Mit der Unterzeichnung der „Baufreigabe", so Rechtsanwalt Philipp Heinz, „würde man einfach so zustimmen, dass ein ganzer Mast gebaut, das Grundstück überspannt und eine neue Freileitung betrieben werden darf“. Faktisch nähmen sich Grundstückseigentümer damit die Möglichkeit, noch gegen einen Planfeststellungsbeschluss klagen zu können.

Wenn es den Planfeststellungsbeschluss gibt, „hat Amprion die Möglichkeit, einen Antrag auf vorzeitige Besitzeinweisung zu stellen.“ Die Bezirksregierung gibt dann den betroffenen Grundstückseigentümern die Möglichkeit, Stellung zu nehmen. Zur Festsetzung der Entschädigung wird ein neutraler Gutachter beauftragt. Wenn die Bezirksregierung einen entsprechenden Beschluss treffe, könne Amprion gegebenenfalls auch ohne individuelle Baufreigabe mit den Bauarbeiten beginnen. „Im Moment ist das alles aber noch ferne Zukunftsmusik“, betont Philipp Heinz.

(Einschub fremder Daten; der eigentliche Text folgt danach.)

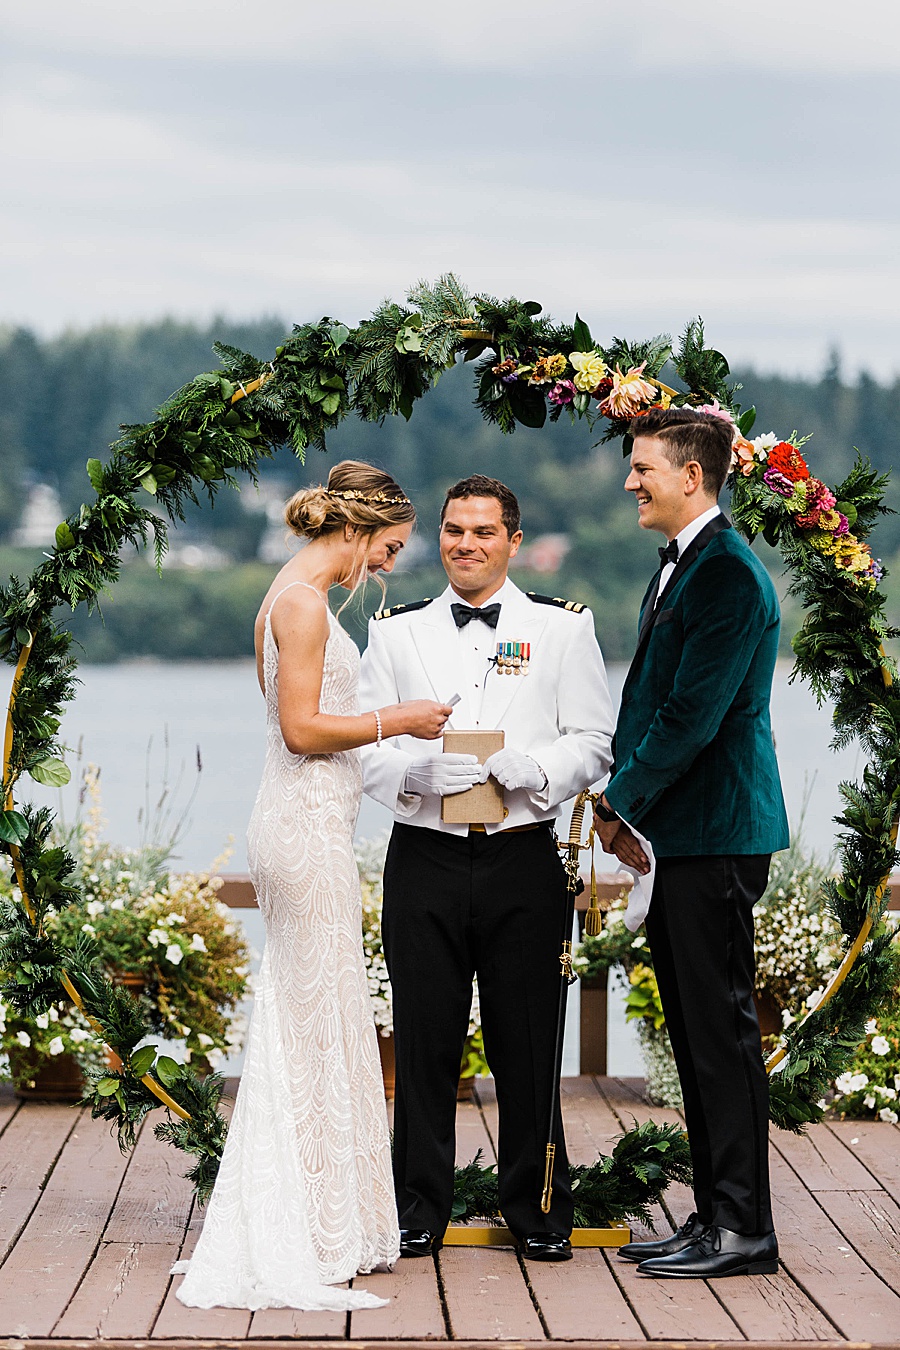 A Kiana Lodge wedding ceremony, photographed by Seattle wedding photographer Amy Galbraith

Ansgar Klein und sein Mitstreiter Sascha Reller blicken zurück: auf den Kauf der Dänischen Wiese durch Amprion, lange bevor das Planfeststellungsverfahren begann. Auf die aus der Sicht einer Reihe von Beteiligten unzureichenden Gutachten, zum Beispiel zur Alternativtrasse durch den Wald, zur Kulturlandschaft Heestal, zum Standort des Umspannwerks. Auf die zögerliche Weitergabe von Unterlagen, die Sascha Reller zuletzt erst über die Plattform „Frag den Staat“ erzwungen hat. Auf die Post, die Amprion gelegentlich doch lieber an die Privatadressen der Grundstückseigentümer statt an den von ihnen gemeinsam beauftragten Anwalt schickt. Schließlich auf den Farbnebel, in den das Heestal, Weg und Weiden im vorigen Herbst bei dem Unterfangen getaucht wurden, Farbe auf die Masten zu bringen. „Das zieht sich wie ein roter Faden durch die ganze Geschichte“, sagt Ansgar Klein. Womöglich setze der Netzbetreiber darauf, den Widerstand gegen die Höchstspannungstrasse zu zermürben. „Ich kann mir nicht vorstellen, wie die sonst vorankommen wollen.“ Christian Bode erinnert sich noch ein paar Jahre weiter zurück: Da seien die Abgesandten des Stromtrassenbauers zum Kaffee gekommen und hätten eine Netzausbaubeschleunigungsprämie“ angeboten. Deutlich wird Rechtsanwalt Philipp Heinz: Die Vorlage des Baufreigabe-Formulars sei „nicht nur eine absolute Unverfrorenheit, sondern geht in Richtung Betrug“, von einem Versehen könne „keine Rede sein“.

Was hoffen lässt

Die Bürgerinitiative richtet sich auf einen langen Weg ein, der beim Bundesverwaltungsgericht in Leipzig enden könnte – wie für die Trassenanlieger in Herdecke, die dort ihren Prozess jüngst aber verloren haben. Ansgar Klein hat das Urteil gelesen und vergleicht: Anders als in Herdecke bringt Kreuztal mit der Waldtrasse an Mittelhees und Meiswinkel vorbei eine Trasse ins Spiel, von der nicht zusätzlich Anlieger betroffen wären. „Bei unserer Alternativtrasse muss niemand enteignet werden – das hat mich optimistisch gestimmt“.